→ EXERCISE REQUIREMENTS:
Your answer should hold only the lines from the one containing "subscriptor (subscriptora)" through the last line below, copied exactly; pictures stay out.

→ PROVIDED MATERIAL:
++++++++++

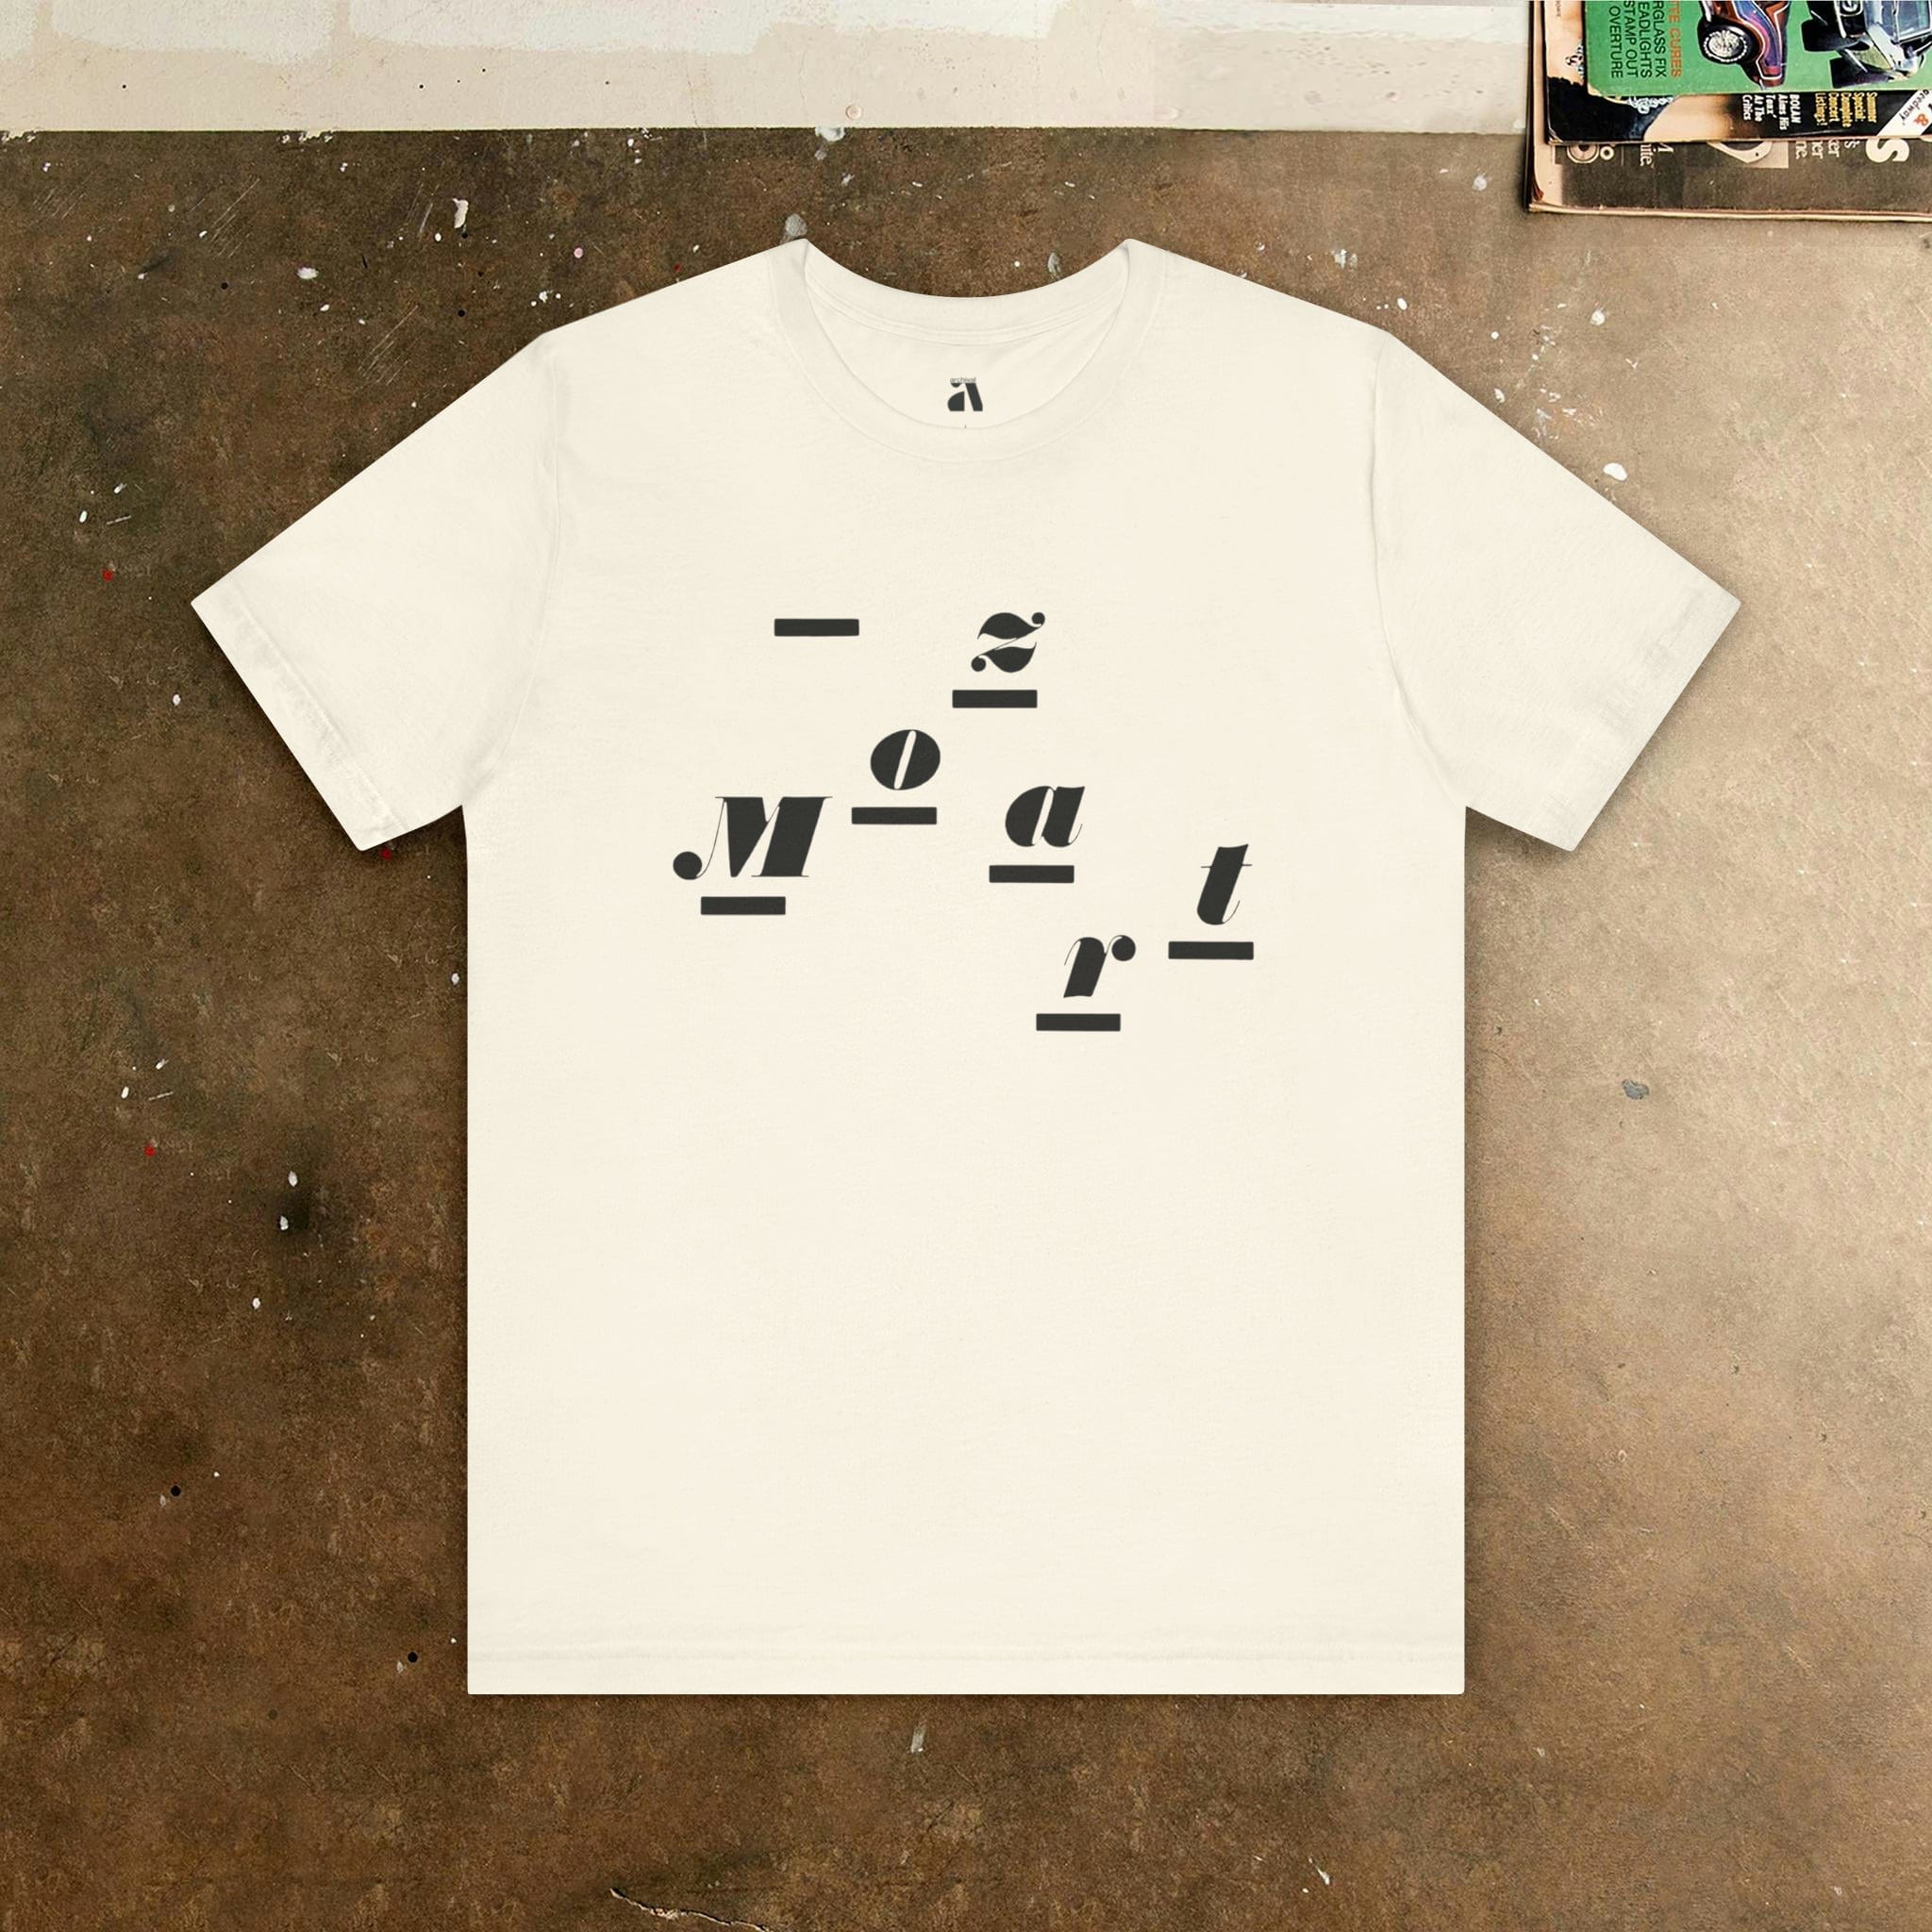 Mozart: Wordmark T-Shirt
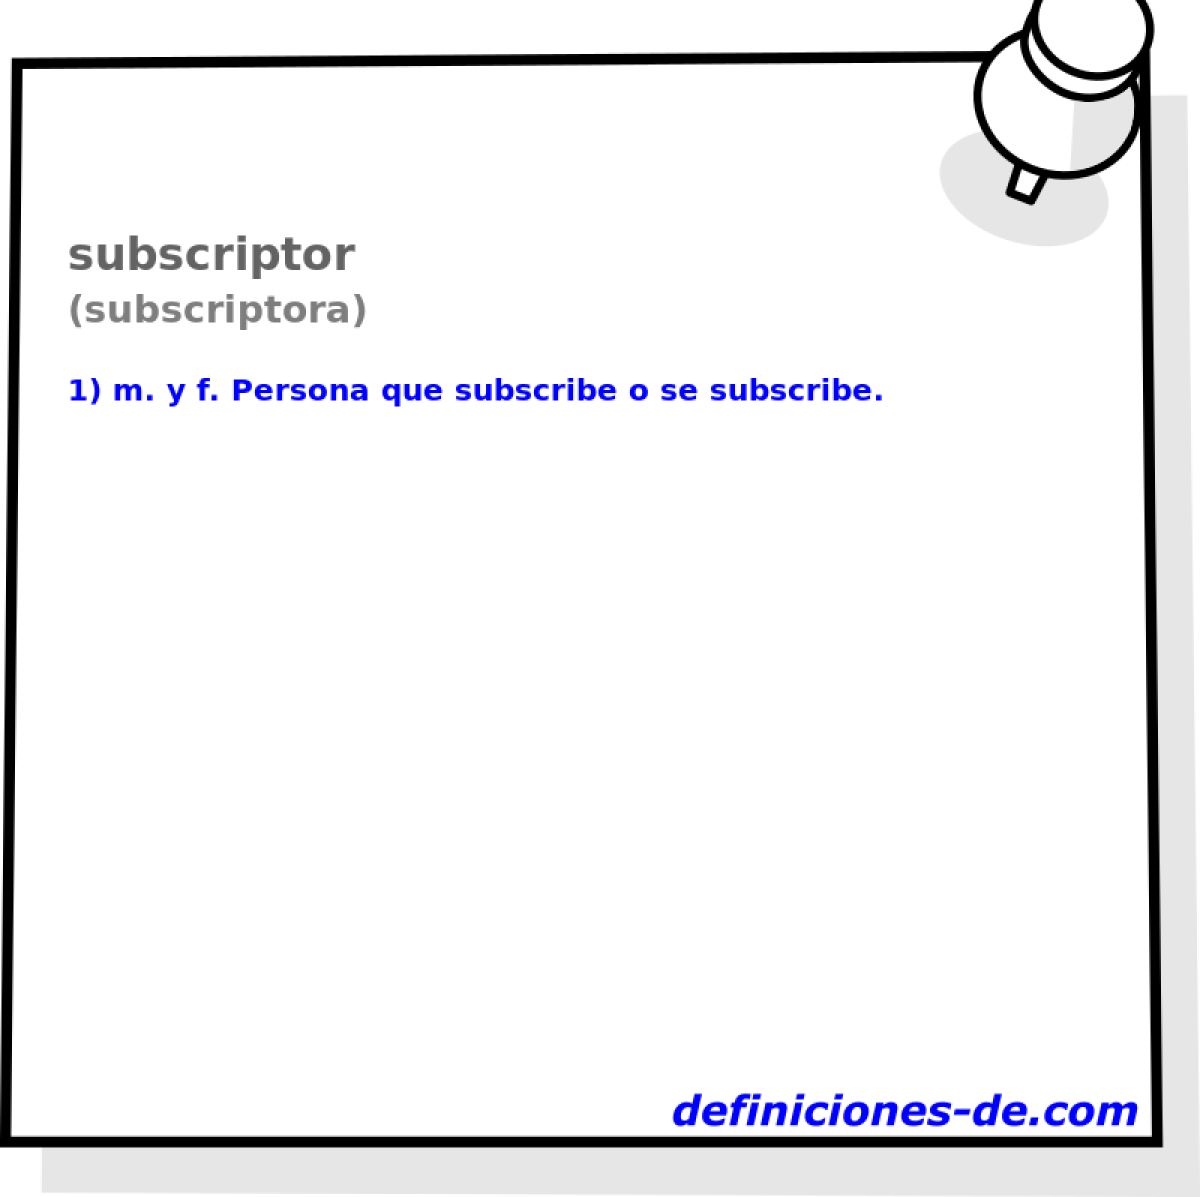 subscriptor (subscriptora)
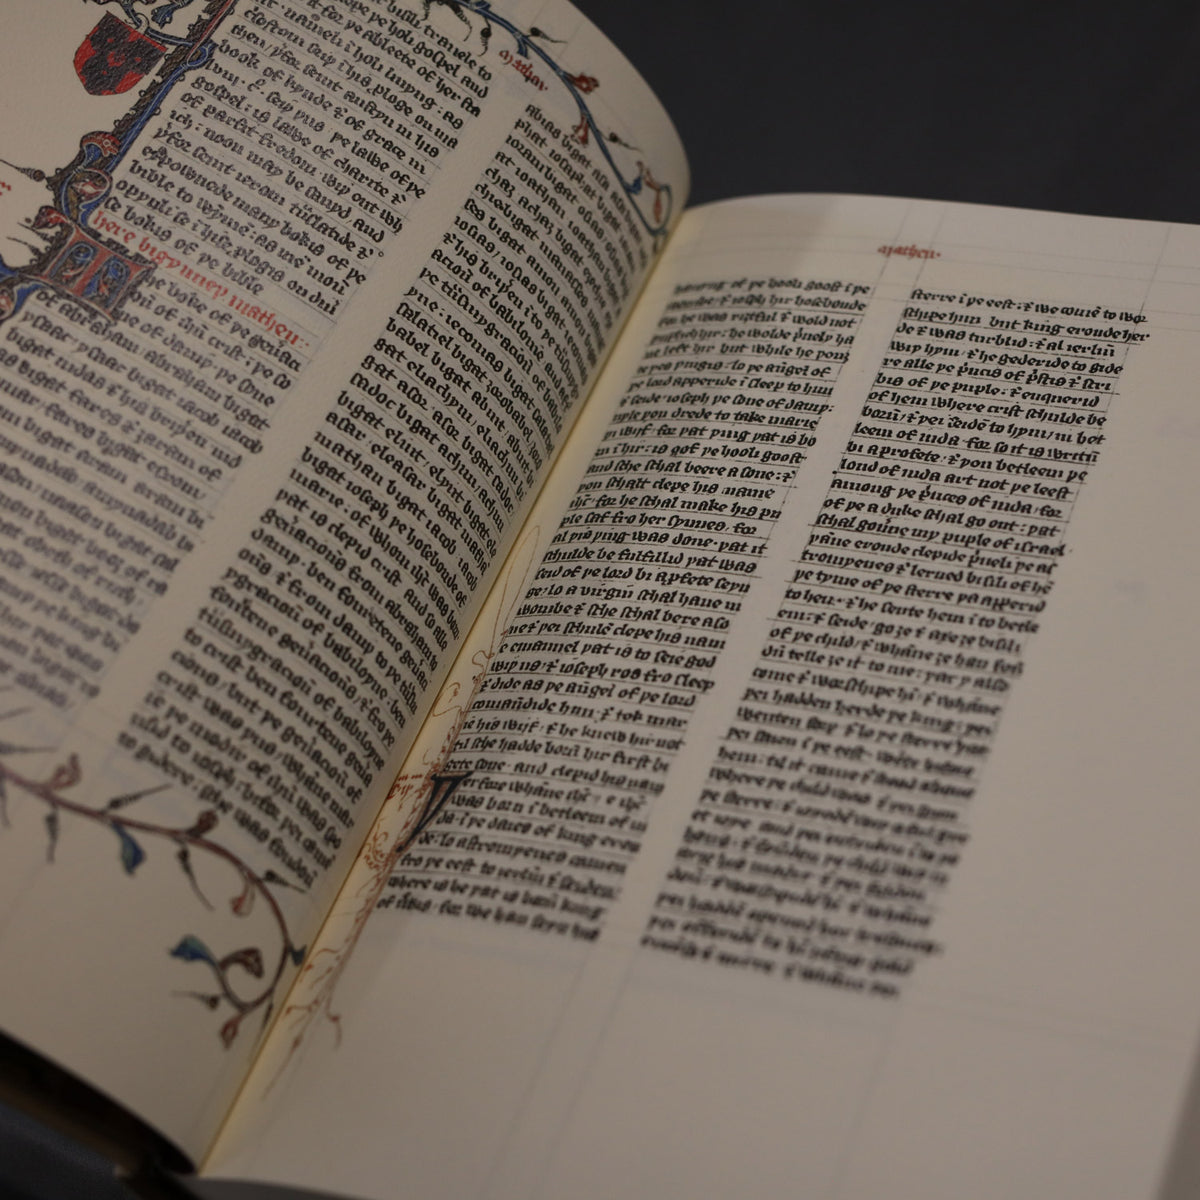 Wycliffe New Testament - 1395 Facsimile
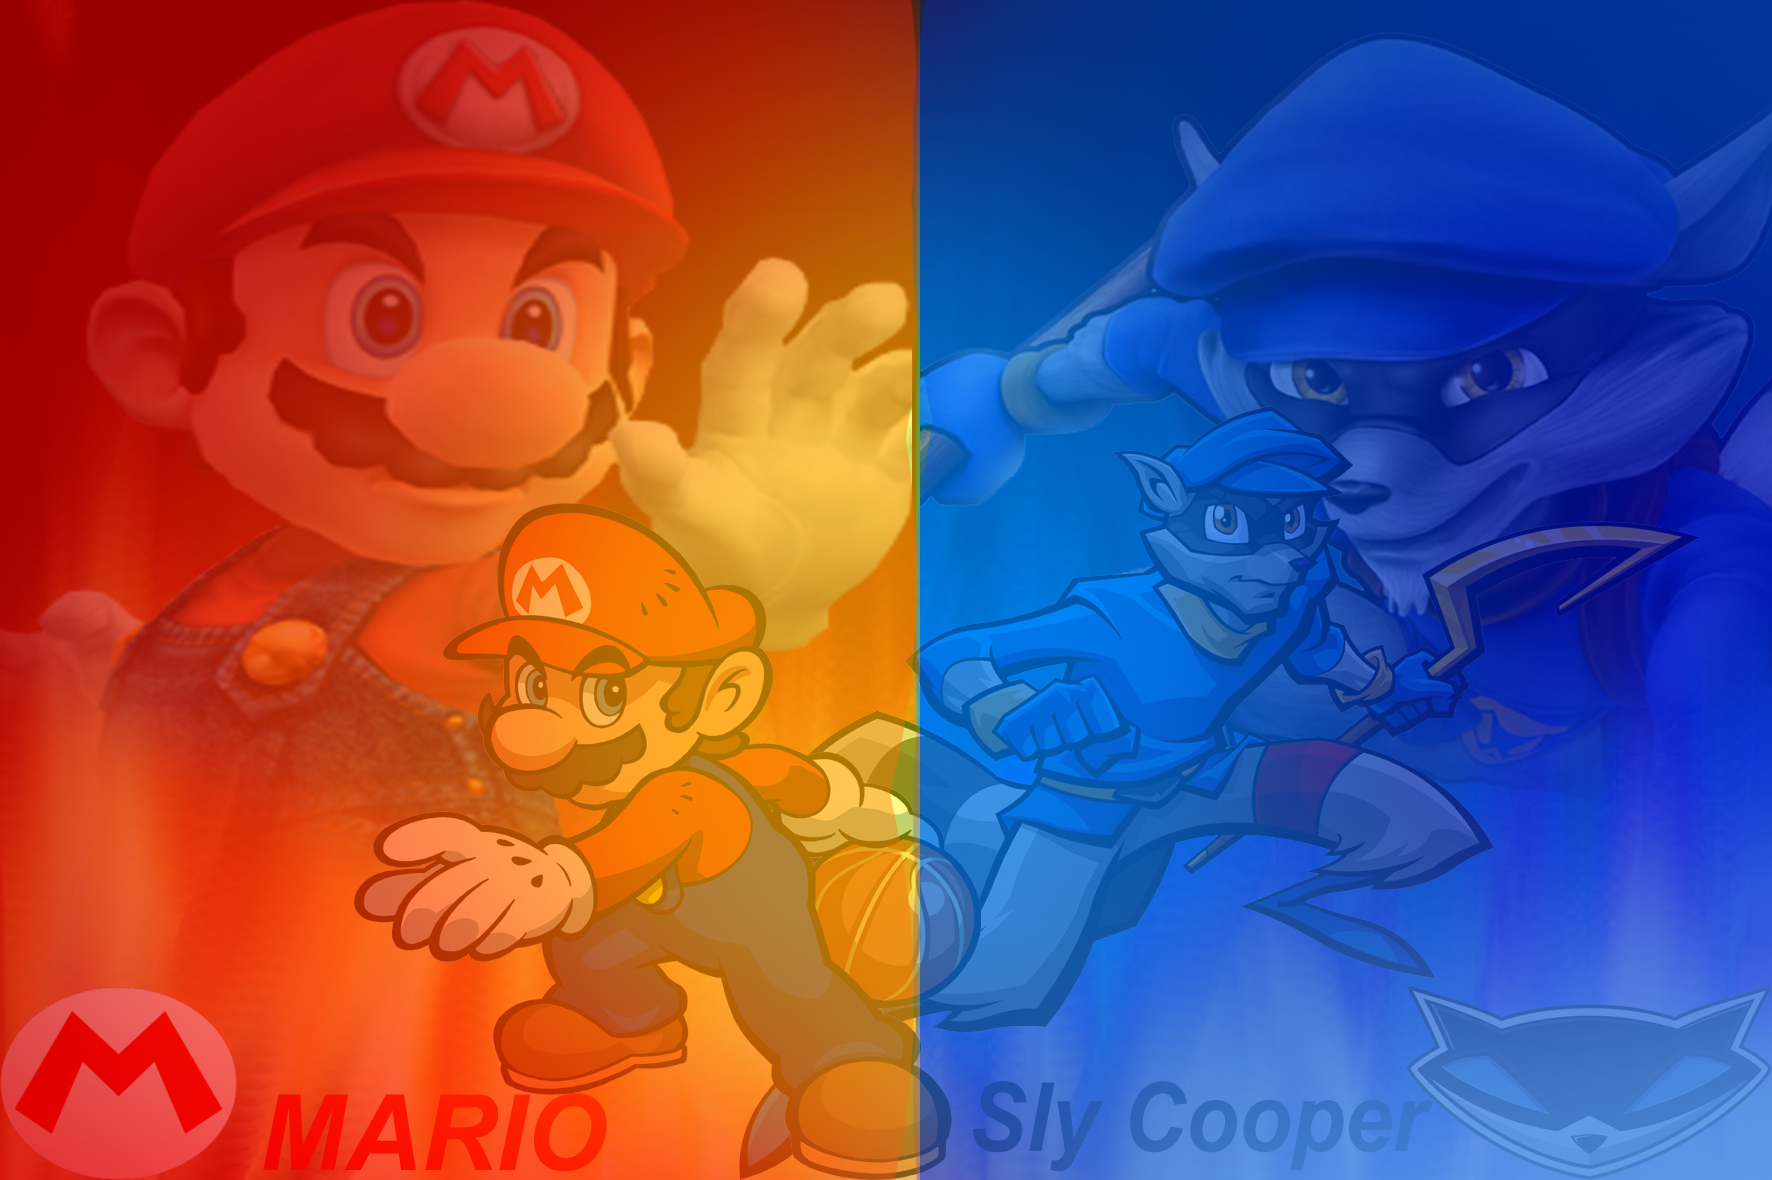 Mario vs. Sly Cooper  I Got Bugs in My Head

++++++++++

→ RESPONSE TO THIS EXERCISE:
 subscriptor (subscriptora)
 Wycliffe New Testament - 1395 Facsimile
 Mario vs. Sly Cooper  I Got Bugs in My Head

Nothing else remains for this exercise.